Querying the Reviews API

With a business unit ID in hand, hit the public reviews endpoint. This endpoint returns JSON without requiring authentication under normal traffic patterns:

API_BASE = "https://www.trustpilot.com/api/v1/business-units"

def fetch_reviews_page(
    business_unit_id: str,
    page: int = 1,
    stars: int = None,
    language: str = "en",
    proxy: str = None,
) -> dict:
    """
    Fetch one page of reviews from Trustpilot's public API.

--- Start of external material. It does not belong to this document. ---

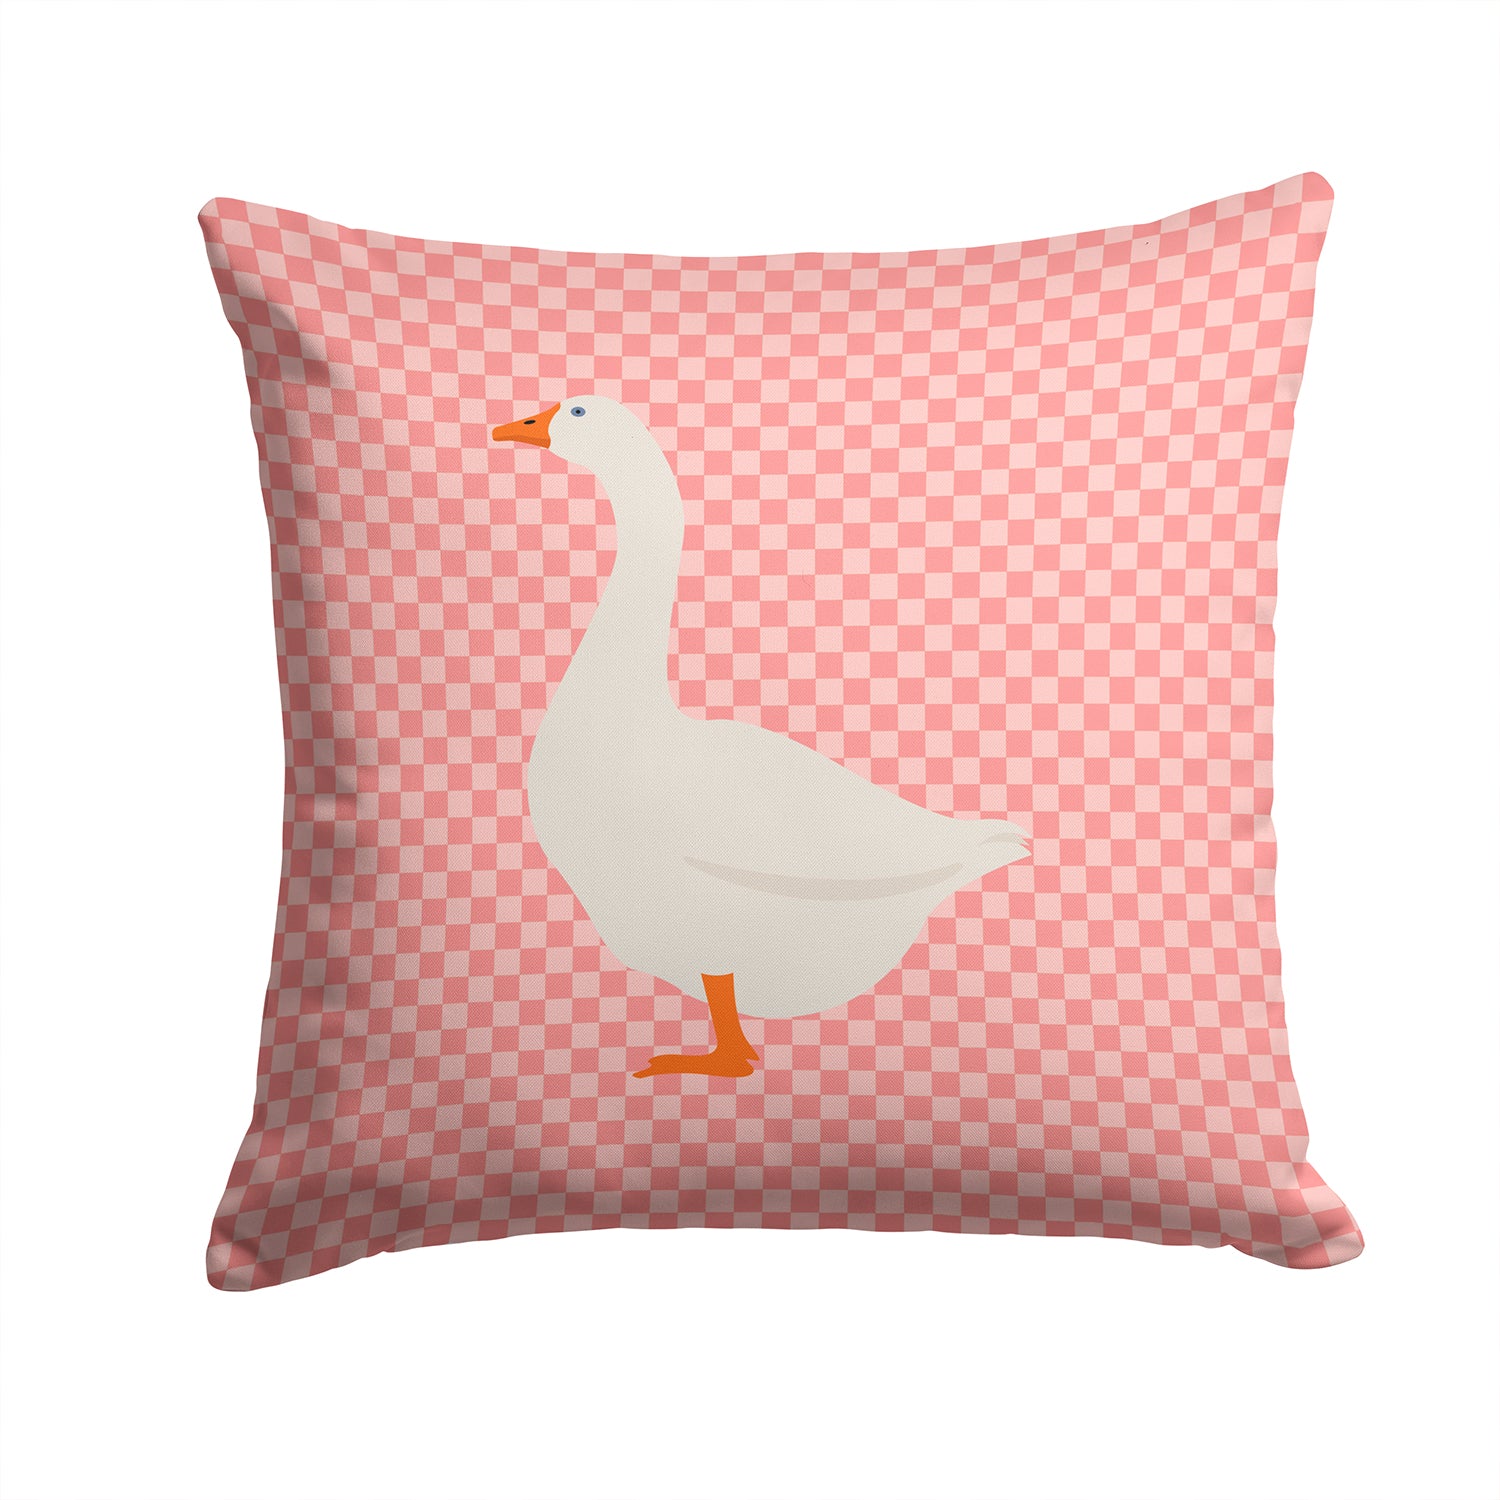 Embden Goose Pink Check Fabric Decorative Pillow BB7892PW1414 - the-store.com

    stars: Filter by star rating (1-5). None returns all stars.
    language: ISO 639-1 language code ("en", "de", "fr", etc.)
    """
    url = f"{API_BASE}/{business_unit_id}/reviews"
    params = {
        "page": page,
        "perPage": 20,  # Maximum allowed by API
        "language": language,
        "orderBy": "publishedDate",
        "order": "desc",
    }
    if stars is not None:
        params["stars"] = stars

    headers = {
        "User-Agent": "Mozilla/5.0 (Macintosh; Intel Mac OS X 10_15_7) AppleWebKit/537.36 (KHTML, like Gecko) Chrome/124.0.0.0 Safari/537.36",
        "Accept": "application/json",
        "Accept-Language": "en-US,en;q=0.9",
        "Referer": f"https://www.trustpilot.com/review/",
    }

    proxies = None
    if proxy:
        proxies = {"http://": proxy, "https://": proxy}

    for attempt in range(5):
        try:
            with httpx.Client(proxies=proxies, timeout=25) as client:
                resp = client.get(url, params=params, headers=headers)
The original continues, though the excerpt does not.